Certainly, the stated rationale is a legitimate concern. But so is concern for the injustice being suffered by the minister who's been falsely accused. When one considers the high expectations of and control by the church over not only a minister but also his or her spouse and children, it seems that a little Christian concern for the entire ministerial family shouldn't be too much to expect. The need to clear the name is personal, not just organizational.

Yet such concerns for employee feelings and fairness rarely are the focus of church policy. The organization reigns supreme. And here's the real sticking point: If a minister's integrity is called into question, and for some reason the administrators to whose attention the issue is brought don't really want to address the matter, they can simply do nothing. In fact, they can refuse to acknowledge that the matter has even been raised. And ministers are by no means the only church employees who face such stonewalling. Teachers may be even more marginalized.

One of the most frequent complaints I hear from both church employees and church members centers on the refusal of church administrators even to answer letters or return phone calls when otherwise-voiceless people raise a point that those in power would rather not address. It happened even to a loyal nonagenarian member who merely sought an honest and open accounting of how the millions of dollars he and his family had donated to the church had been appropriated.

Adventist dentist Albert Koppel eventually became so frustrated by the refusal of church leaders to answer the most basic questions concerning the money he and his family had given to the church–the church he greatly loves–that he wrote a book: Truth Decay. It's a sad though enlightening story. But instead of grasping how bad such actions and inactions make church leaders look, instead of profuse apologies, instead of in-house seminars to ensure that such actions and inactions are never repeated, the General Conference issued an edict that distribution or even advertising for Dr. Koppel's book–and a couple of others–was forbidden at the Adventist Today booth at last year's General Conference Session in Atlanta. And the edict was no mere recommendation or gentle request.
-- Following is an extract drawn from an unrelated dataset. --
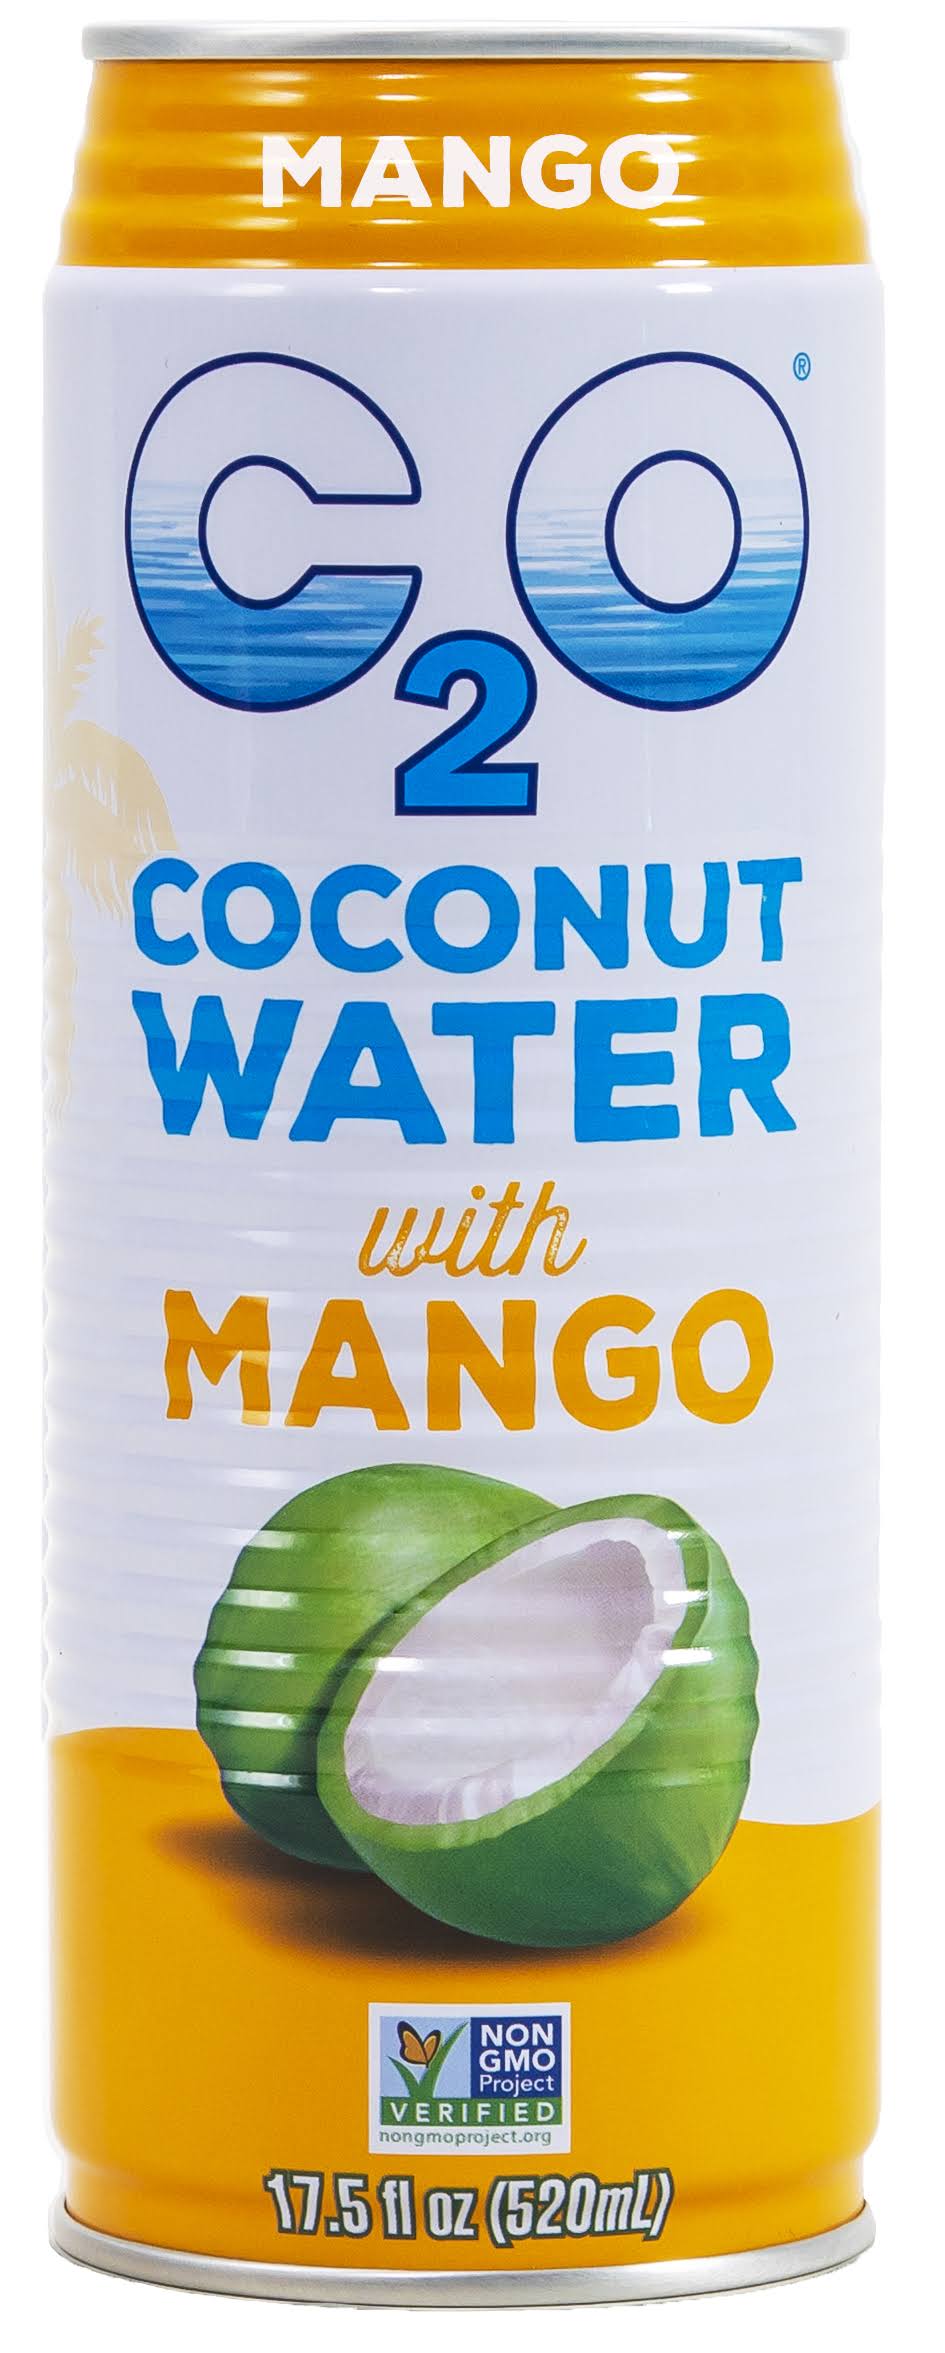 C2O - Pure Coconut Water - Mango - Case of 12 - 17.5 fl oz.

Had the Adventist Today staff not complied, they would have been denied a booth in the display hall. So what should they have done?

If as a church we're going to base our management on such spiritual directives as Micah 6:8, Matthew 7:12, Matthew 18 and a host of other scriptures that certainly read as if they're meant to be taken literally, then we need a major adjustment to our corporate modus operandi. And it's especially crucial because our church blocks off so many alternative avenues to fairness, justice and redress.
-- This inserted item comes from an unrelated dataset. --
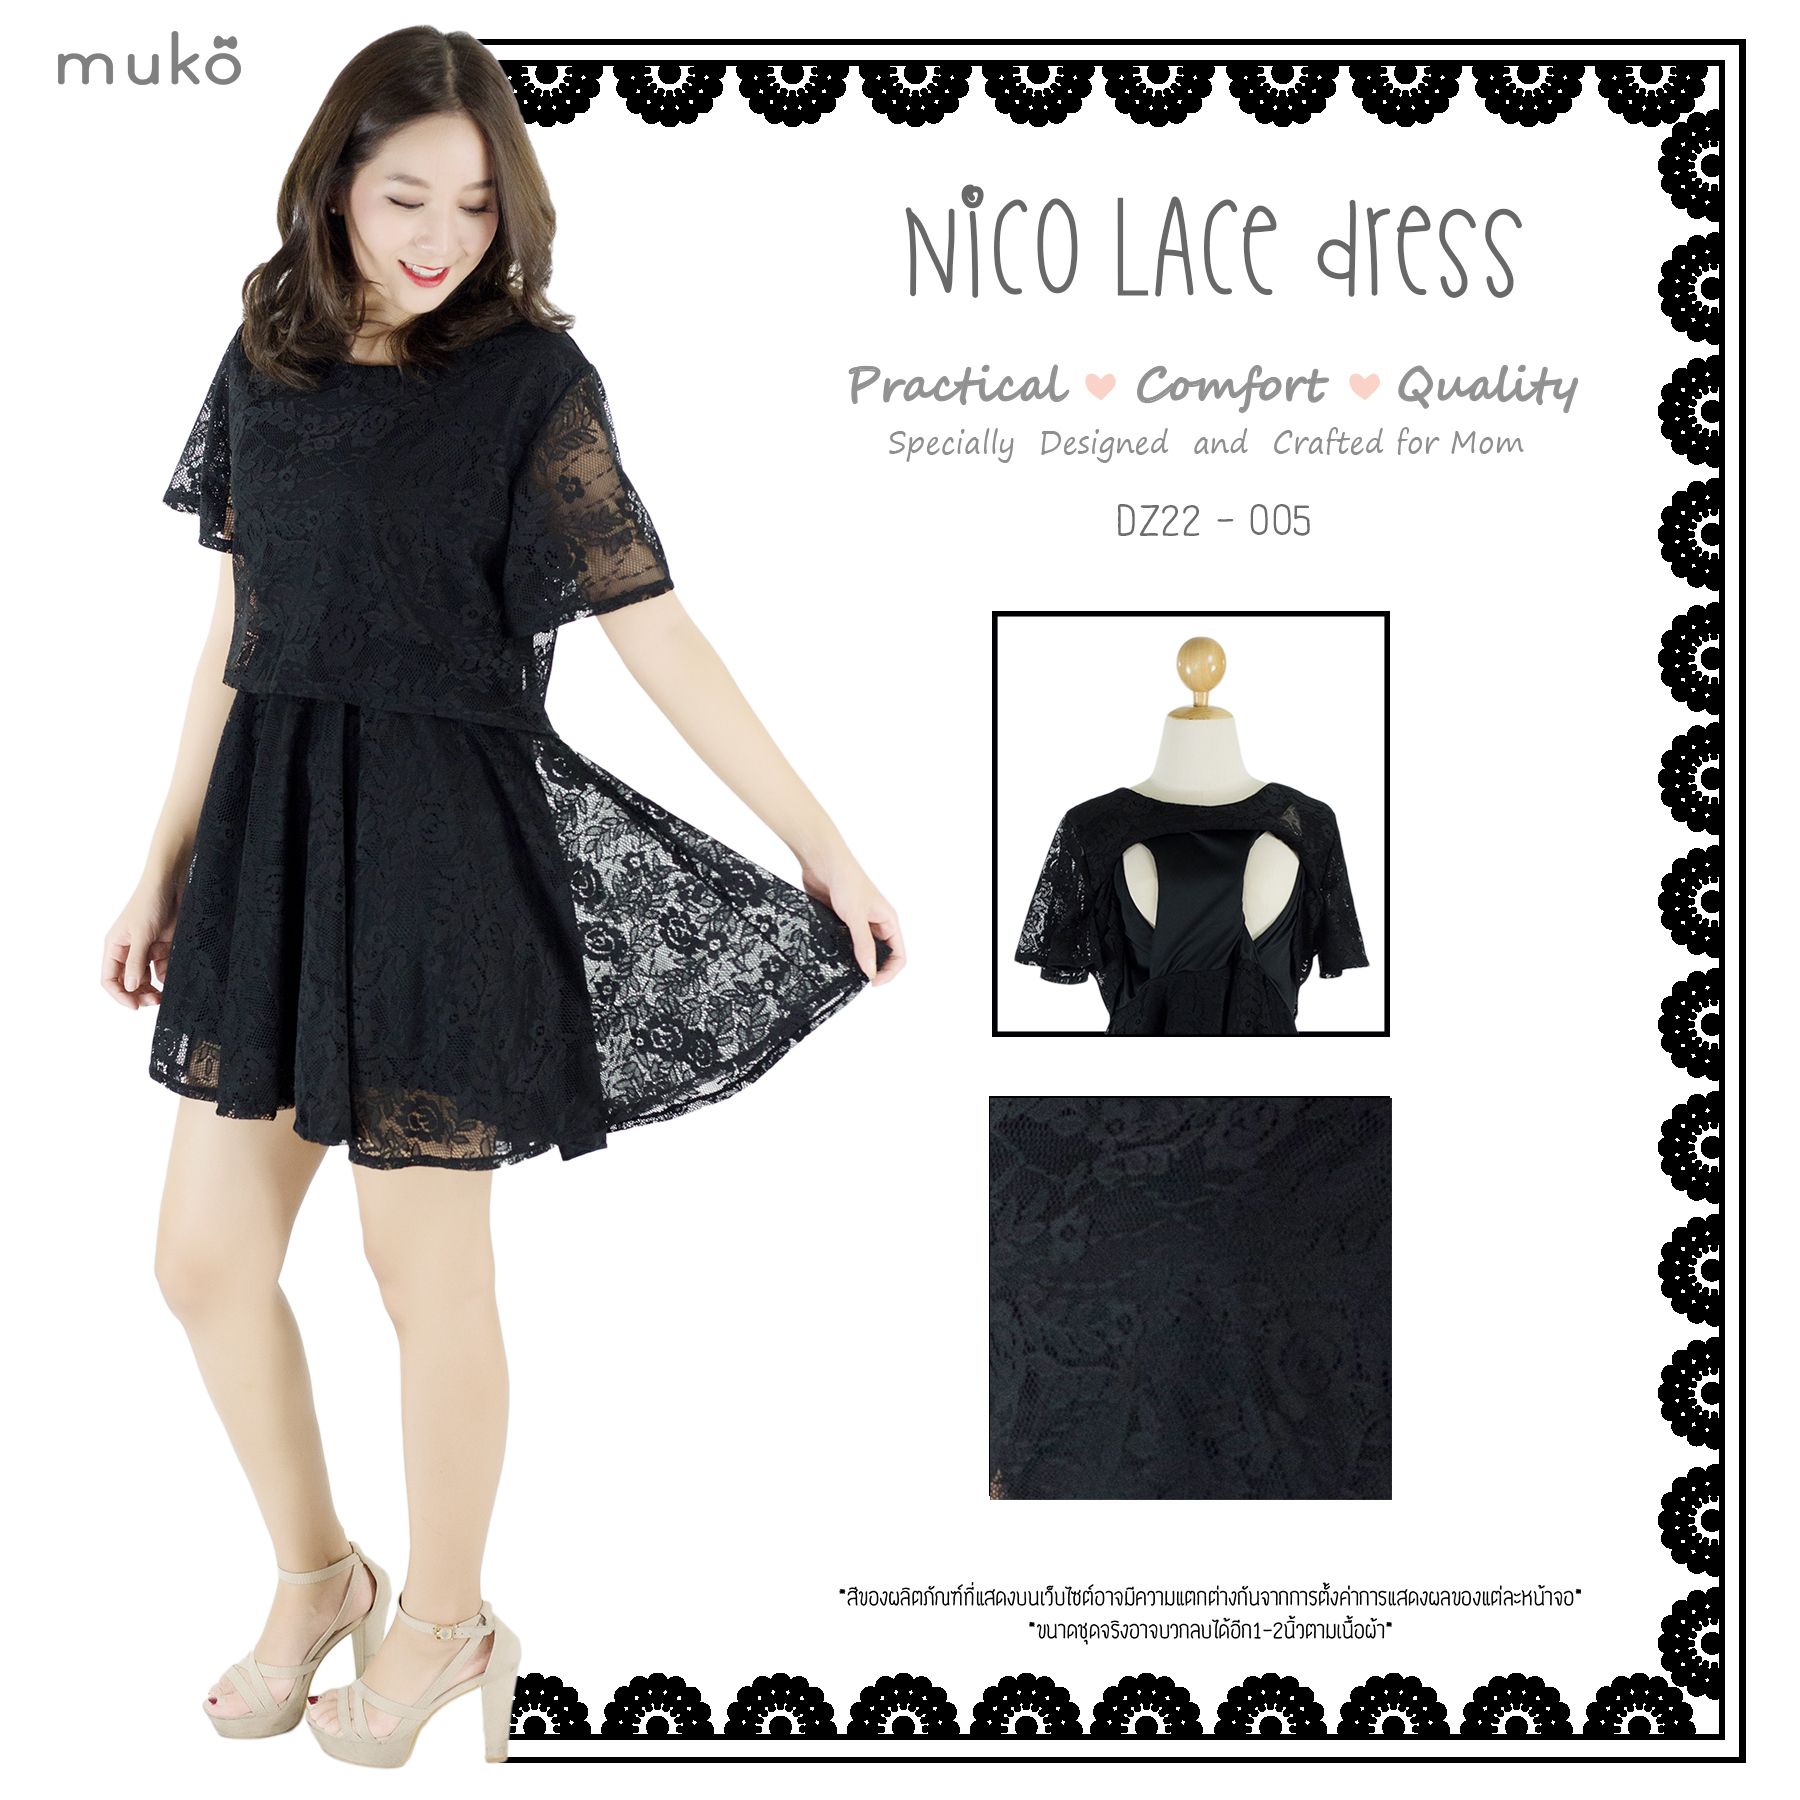 Muko Nico Lace Dress เดรสคลุมท้อง เปิดให้นม DZ22-005 ดำ

General Conference president Ted N.C. Wilson has called for administrator accountability when it comes to certain theological understandings. The call for administrator accountability needs to include accountability in actual administering, as well. In fact, such a call was voted into policy long ago. And the penalties for failure to comply have been spelled out. The North American Division Working Policy states: "B 15 15—Officers/Administrators to Work in Harmony with Policy—Officers and administrators are expected to work in harmony with the North American Division Working Policy. Those who show inability or unwillingness to administer their work in harmony with policy should not be continued in executive leadership by their respective constituencies or governing boards/committees."
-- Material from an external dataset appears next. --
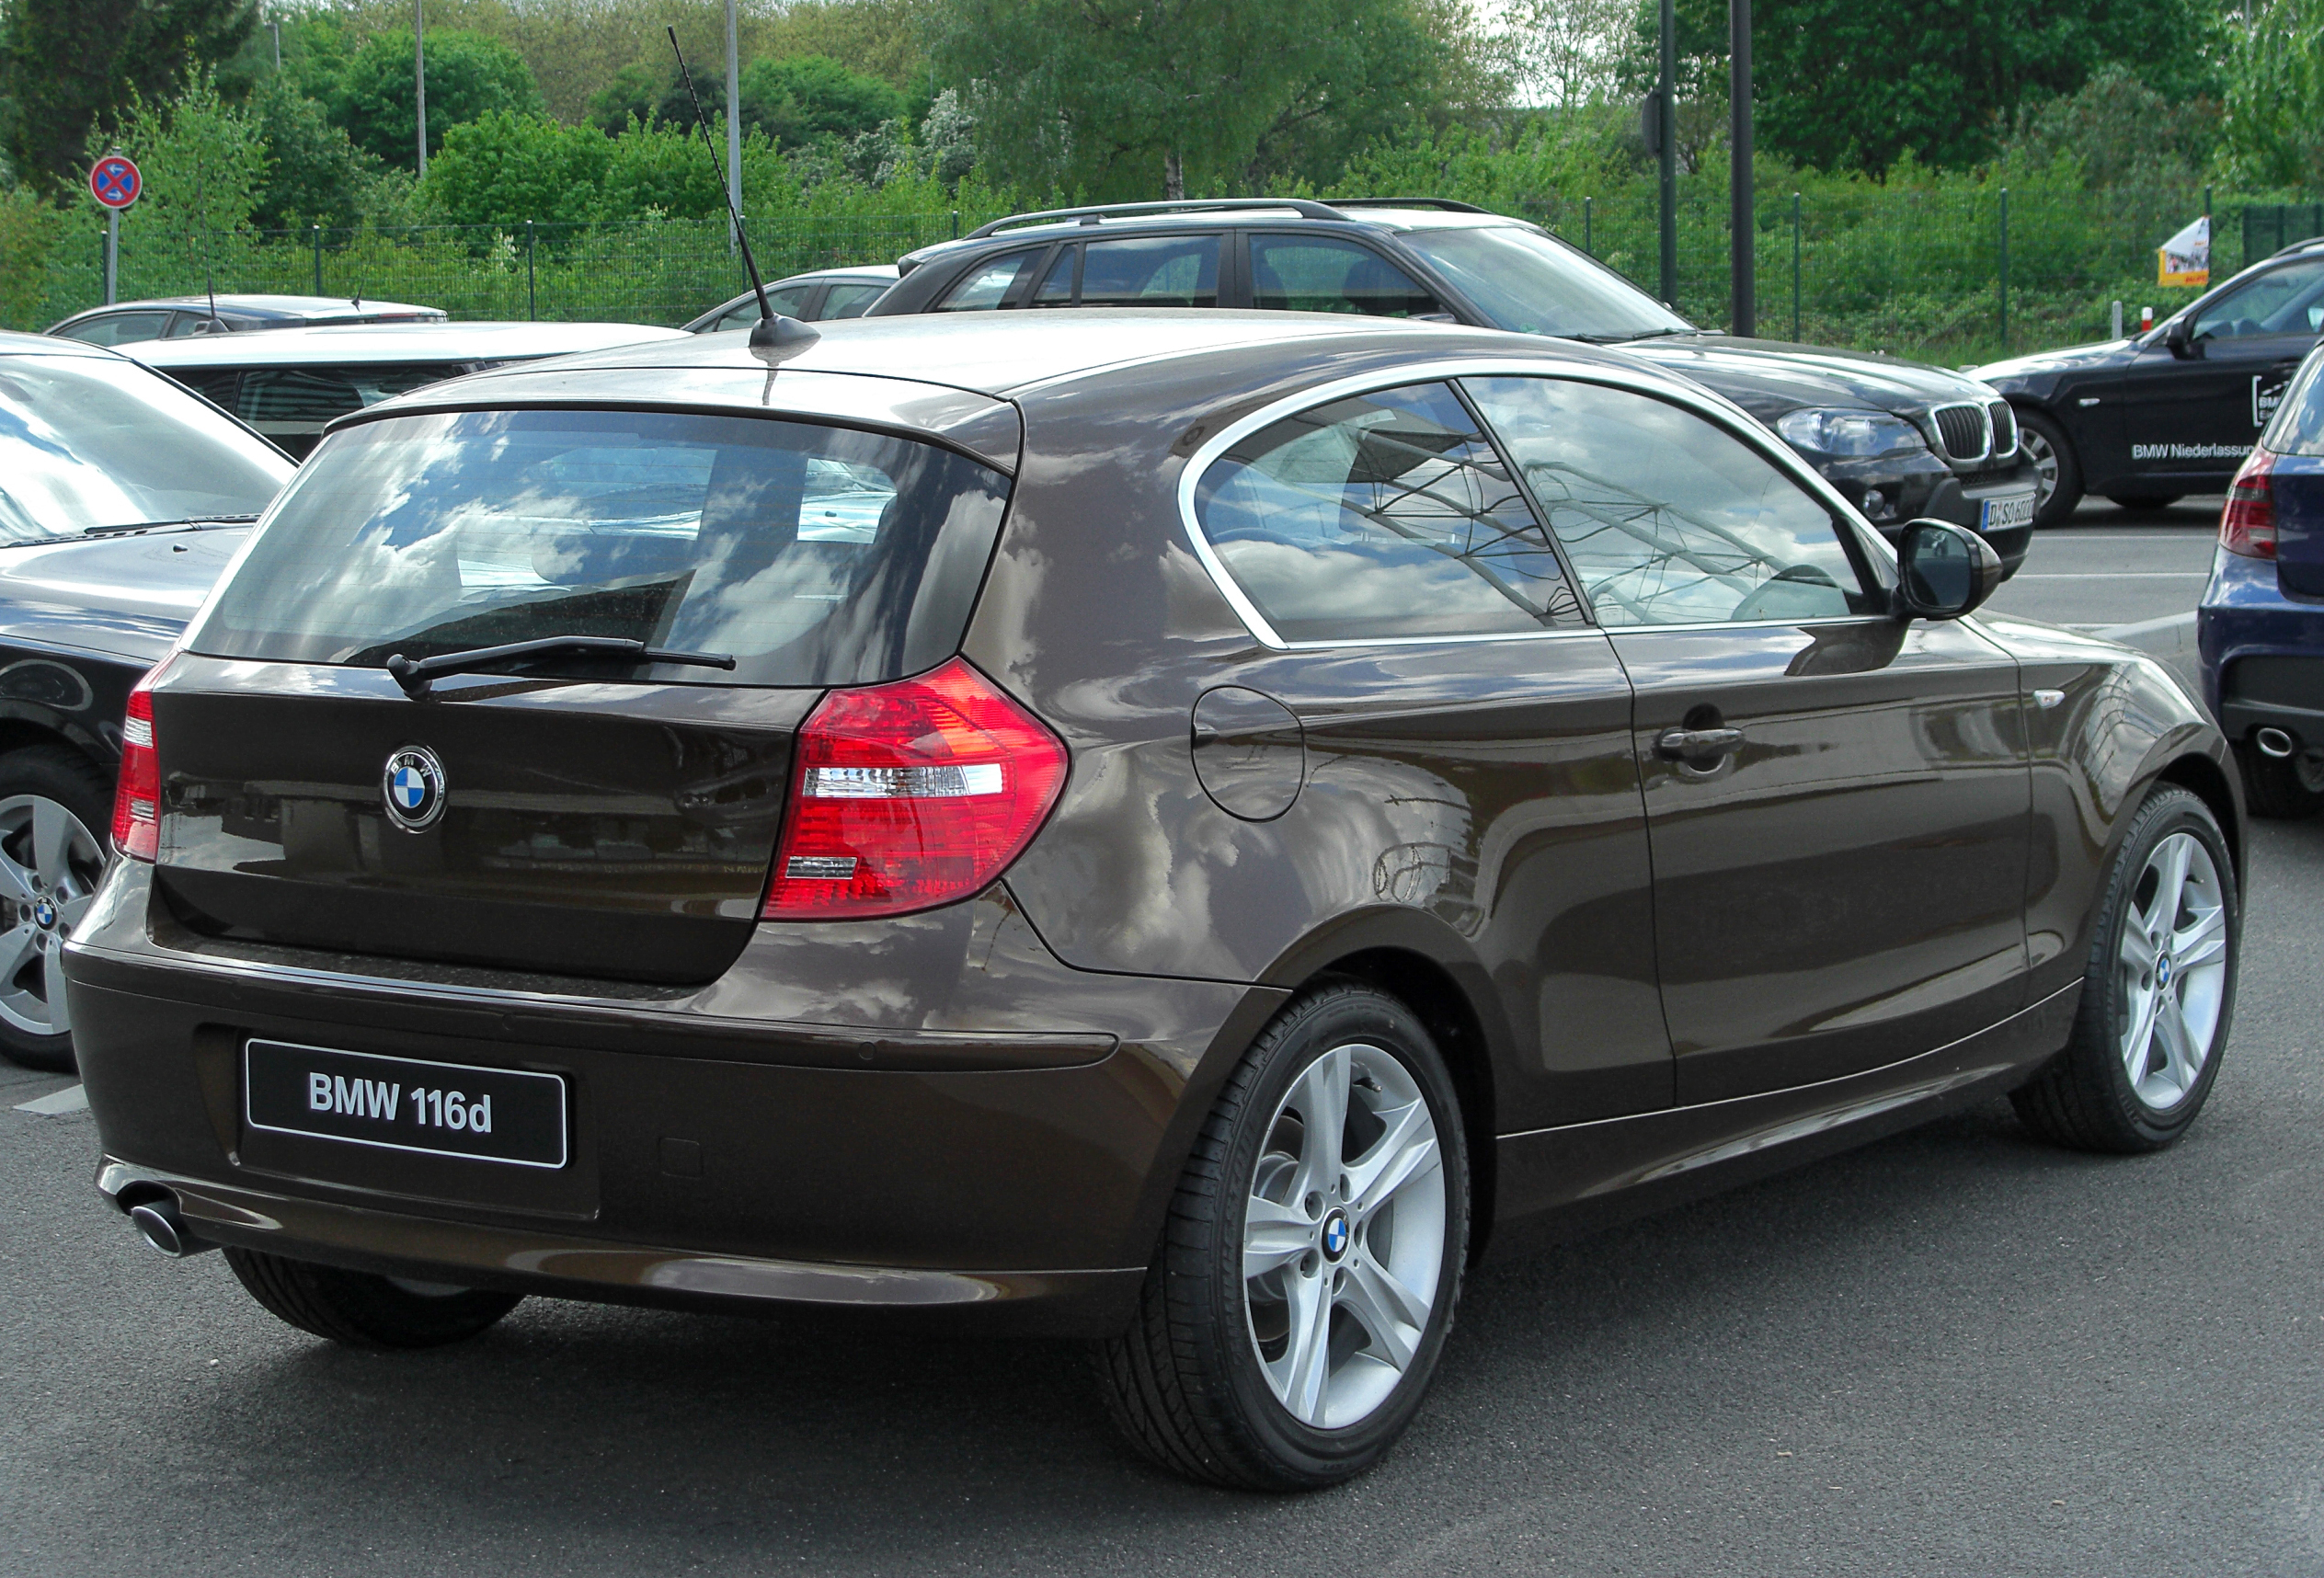 File:BMW 116d (E81) Facelift rear 20100501.jpg - Wikimedia Commons

Likewise, the Statement of Ethical Foundations for the General Conference and Its Employees states: "We are responsible to our fellow church members. We accept accountability for sound leadership decisions and appropriate stewardship." But just how are ordinary members and ordinary employees supposed to hold their leaders accountable? Where is the mechanism for doing so?

Until an effective accountability mechanism is set in place, until the corporate culture of the church takes far more seriously its responsibility to act justly, love mercy and walk humbly with God, until the Golden Rule truly begins to rule, pastors, teachers and other church employees (to varying degrees) will continue to be among the most vulnerable and least protected employees in the United States.